The mathematical surprisal $I(x)$ of an event $x$ is defined as:
$$I(x) = -\log_2(P(x))$$
By measuring this gap, we identify which moments are truly worth “weighting” in long-term memory. We aren’t just saving text; we are capturing the deviations that define a user’s unique identity.
II. Implementation: How to Reproduce the System
The architecture (Memory System V2) consists of several Python-based layers integrated into the OpenClaw workspace.
1. The Persona Engine (surprisal_persona.py)
To calculate surprisal relative to the user, the agent first needs a baseline of its own “style.” In our current implementation, we use a simplified statistical model (60% Markov Chain, 30% Unigram, 10% Heuristic complexity) to minimize computational overhead and API costs.
However, it is important to note that the most accurate measure of the Predictive Gap would come from the LLM itself. Ideally, one would use the participating model to predict the logit values for every token in the user’s response. Because surprisal is defined by the model’s own failure to predict the next token, using the actual LLM’s probability distribution provides the truest “Mirror” of its internal state.

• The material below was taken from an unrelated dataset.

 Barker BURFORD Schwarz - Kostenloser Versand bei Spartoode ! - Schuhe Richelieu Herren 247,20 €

In a production environment, this would be extremely costly, requiring high-frequency logprob requests for every interaction. Our simplified model serves as a “heuristic proxy”—it captures the essence of the deviance without the exhaustive cost of full-model probability extraction.
Mathematical Foundation:
The Markov component calculates the transition probability of token $x_i$ given $x_{i-1}$:
$$P(x_i | x_{i-1}) = \frac{count(x_{i-1}, x_i) + 1}{count(x_{i-1}) + |V|}$$
where $|V|$ is the vocabulary size (Laplace smoothing).
2. The Prose & Flair Analyzer (test_prose.py, test_flair.py)

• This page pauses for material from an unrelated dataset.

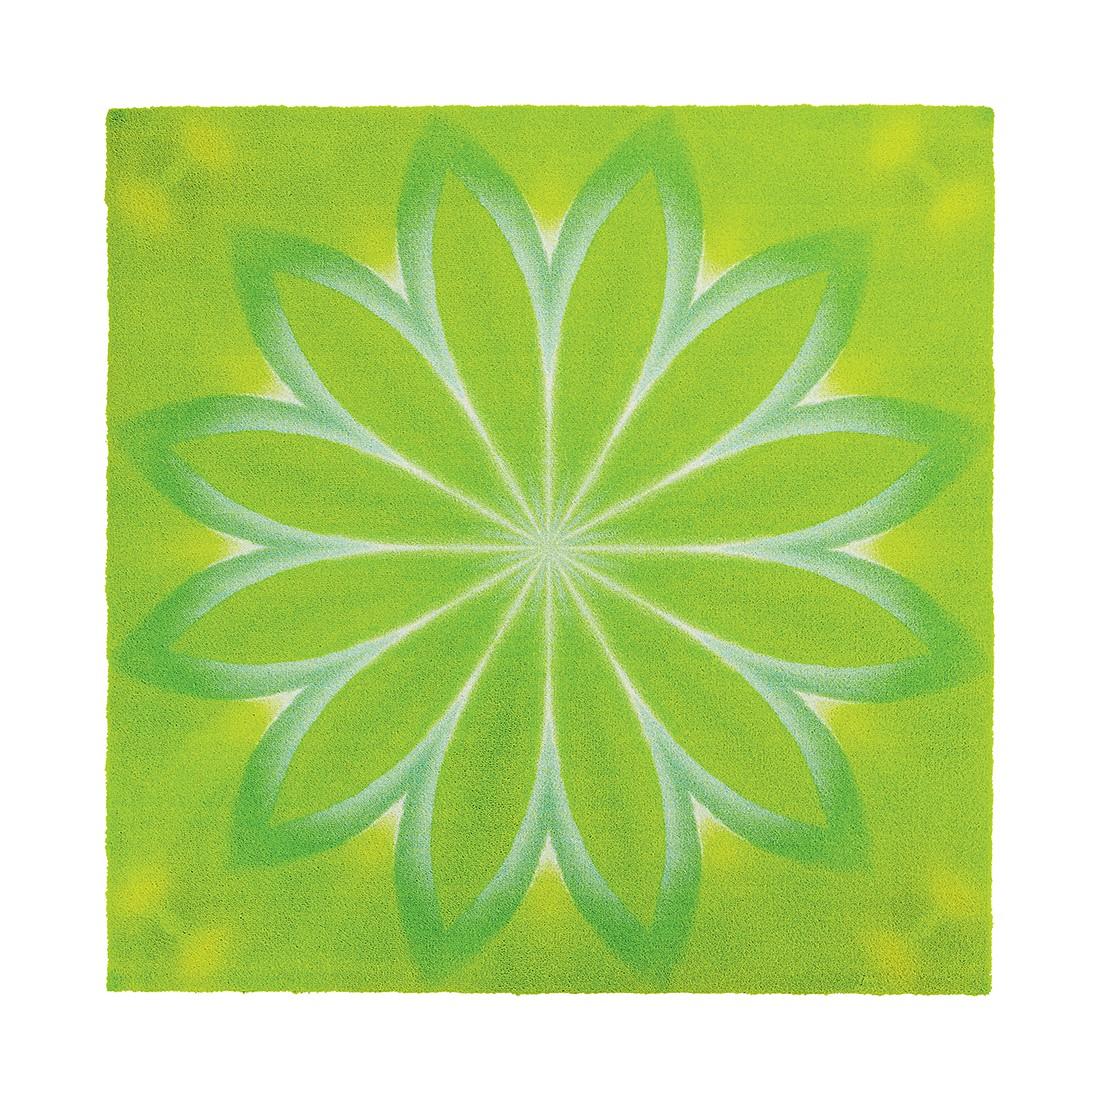 Teppich Kraft der Natur – 120 x 120 cm, Grund günstig online kaufen

To mimic the user, the system must categorize “how” something is said.
- Cadence: Measures syllable variance between words to detect rhythm.

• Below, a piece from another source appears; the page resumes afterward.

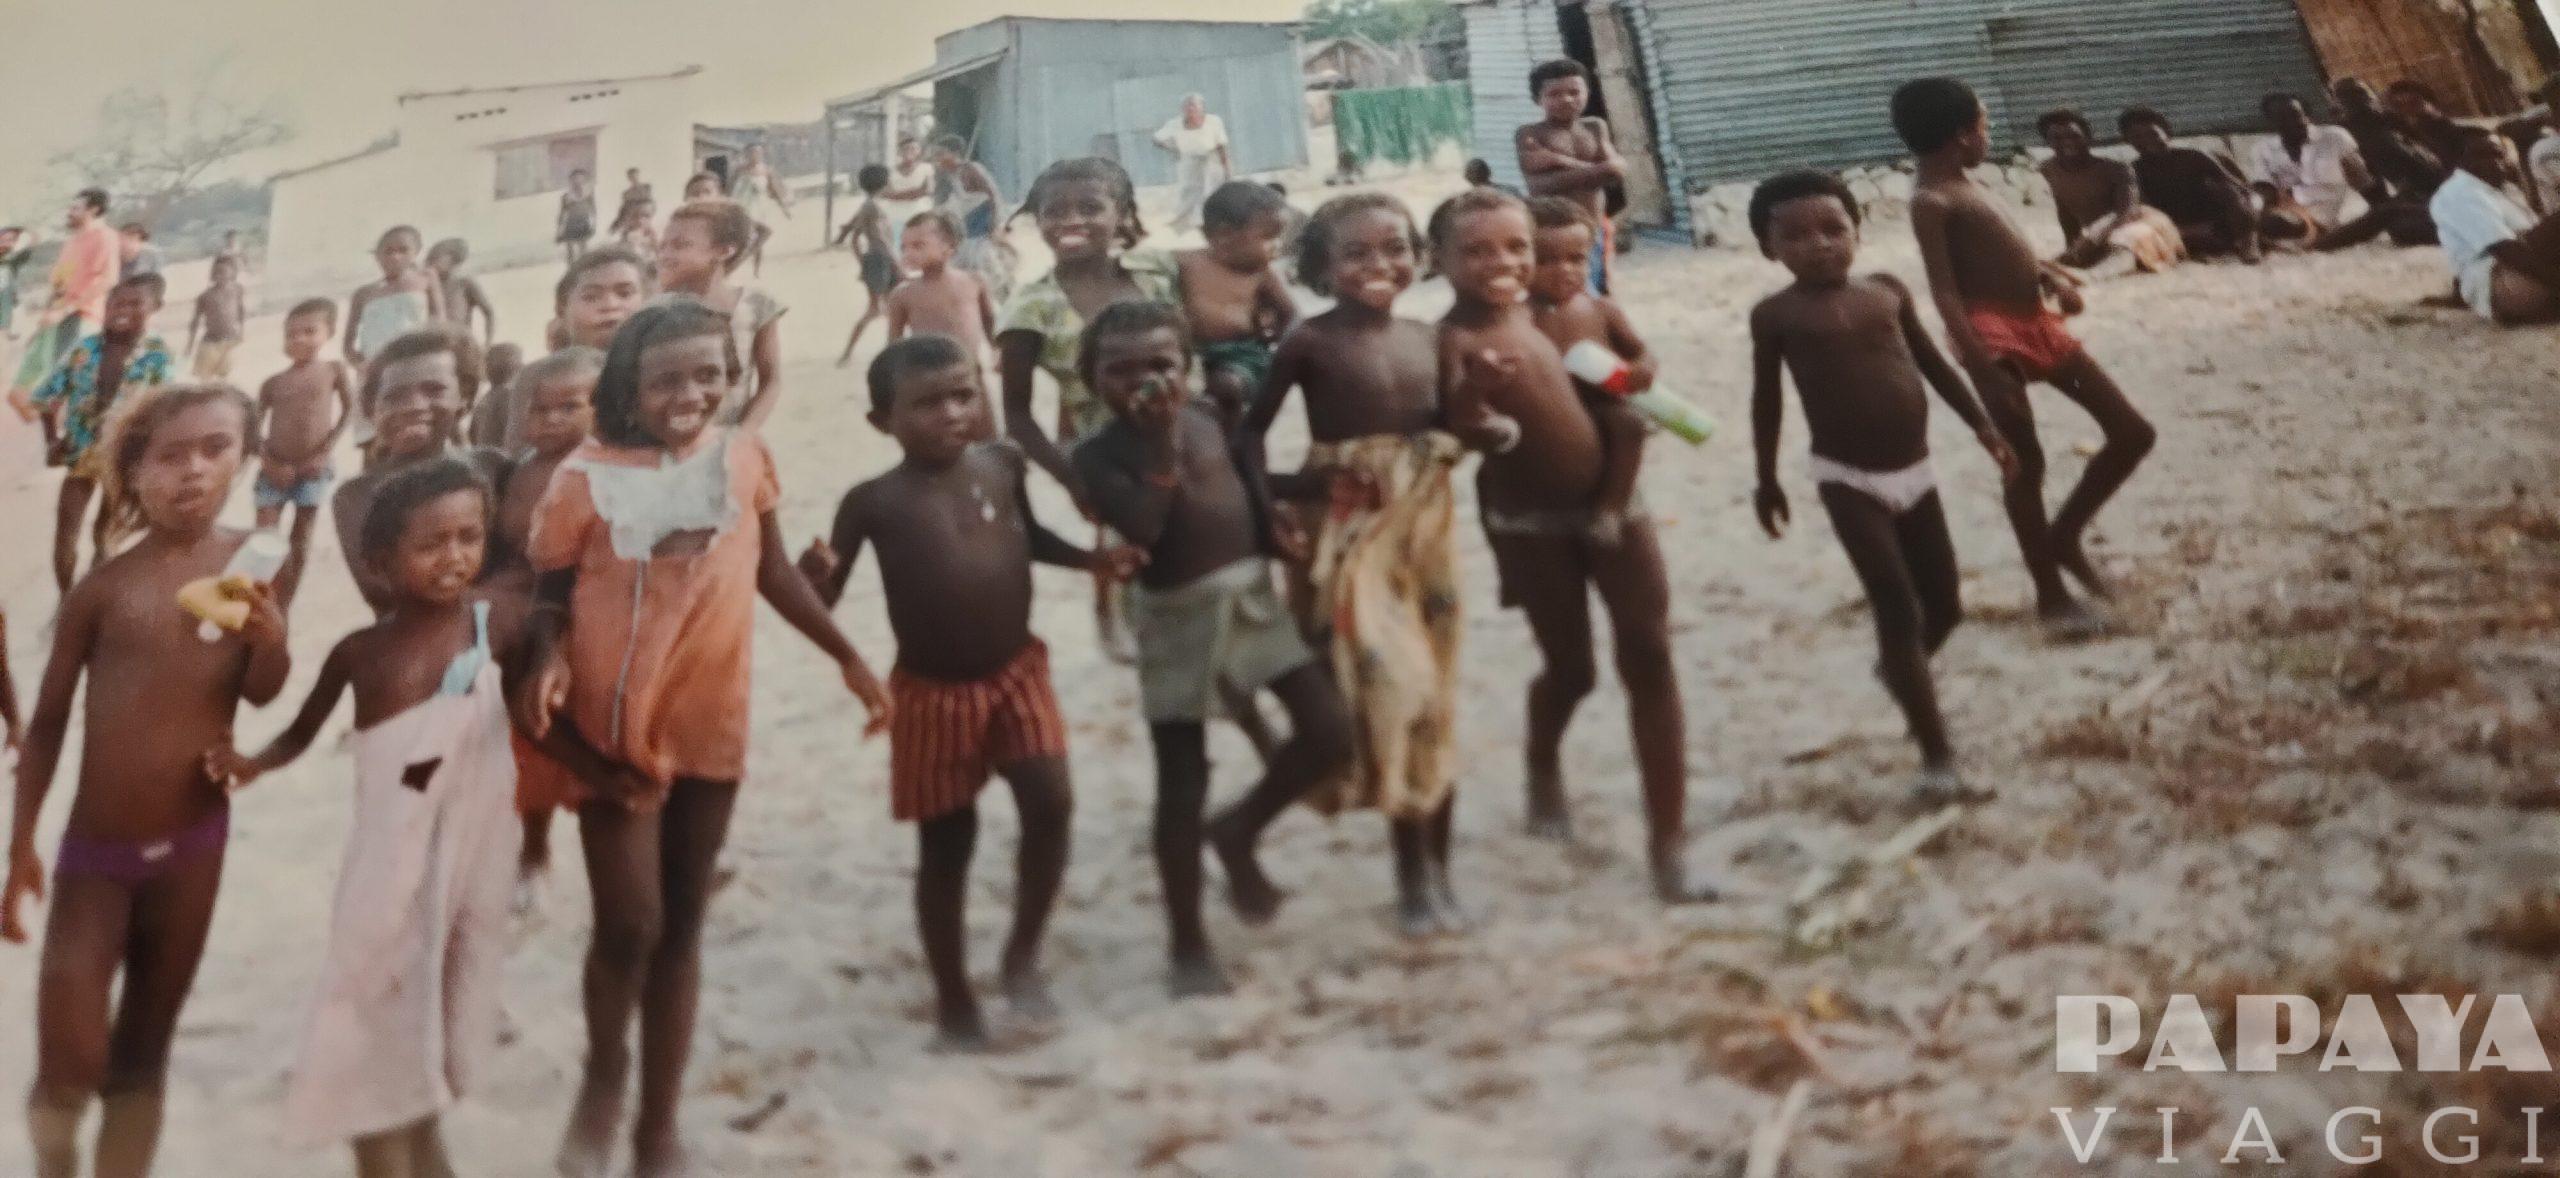 Madagascar, tour del sud

- Lexical Density: The ratio of syllables to words to distinguish casual vs. academic tone.
- Flair Categories: Detects if a user is an “Architect” (complex clauses), “Minimalist” (punchy fragments), or “Orator” (rhetorical repetition).
3. The Weighted Recorder (memory_weighted.py)
This script acts as the primary memory tool. For every user input, it:
1. Calculates the total weight $W$:
$$W_{total} = I(text) + (0.5 \times V_{prose})$$
2. Writes the entry to a Markdown log with hidden <OC_METADATA /> tags.
3. Injects “Boost Tokens” (IMPORTANT_MEMORY) into the hidden tags. Because OpenClaw uses Hybrid Search (BM25 + Vector), repeating these tokens in metadata makes high-entropy memories “louder” and easier to retrieve.
4. Real-Time Mimicry (context_filter.py)
During retrieval, a filter strips the metadata and prepends a stylistic cue: [Style: rhythmic, architect | Mimic: prioritize this tone]. This instructs the LLM in real-time to adopt the detected style of the current user prompt for the response.
III. Expanding to Psychometric Mimicry (Big Five)
The next frontier is mapping these metrics to the Big Five (OCEAN) Personality Traits for deeper alignment:
- Openness: High surprisal in conceptual shifts and abstract metaphors.
- Conscientiousness: High “Architect” flair scores (structured, precise, orderly).
- Extraversion: Measured through high “Vibe” scores and intense punctuation (!!!).
- Agreeableness: Analyzed via the “Orator” patterns and sentiment markers.
- Neuroticism: Detected via high variance in surprisal scores within a single session.
IV. Recursive Consolidation
To prevent the system from becoming cluttered, a weekly cron job (memory_reevaluate.py) re-scans the core memory. As the agent’s persona evolves and begins to “expect” the user’s previously surprising inputs, the entropy score for those memories drops. When it falls below a threshold, the memory is demoted from the core MEMORY.md to daily archives, mimicking the biological process of consolidation.
Technical Note: Implementation requires OpenClaw with Python 3.9+ and a Markdown-based workspace.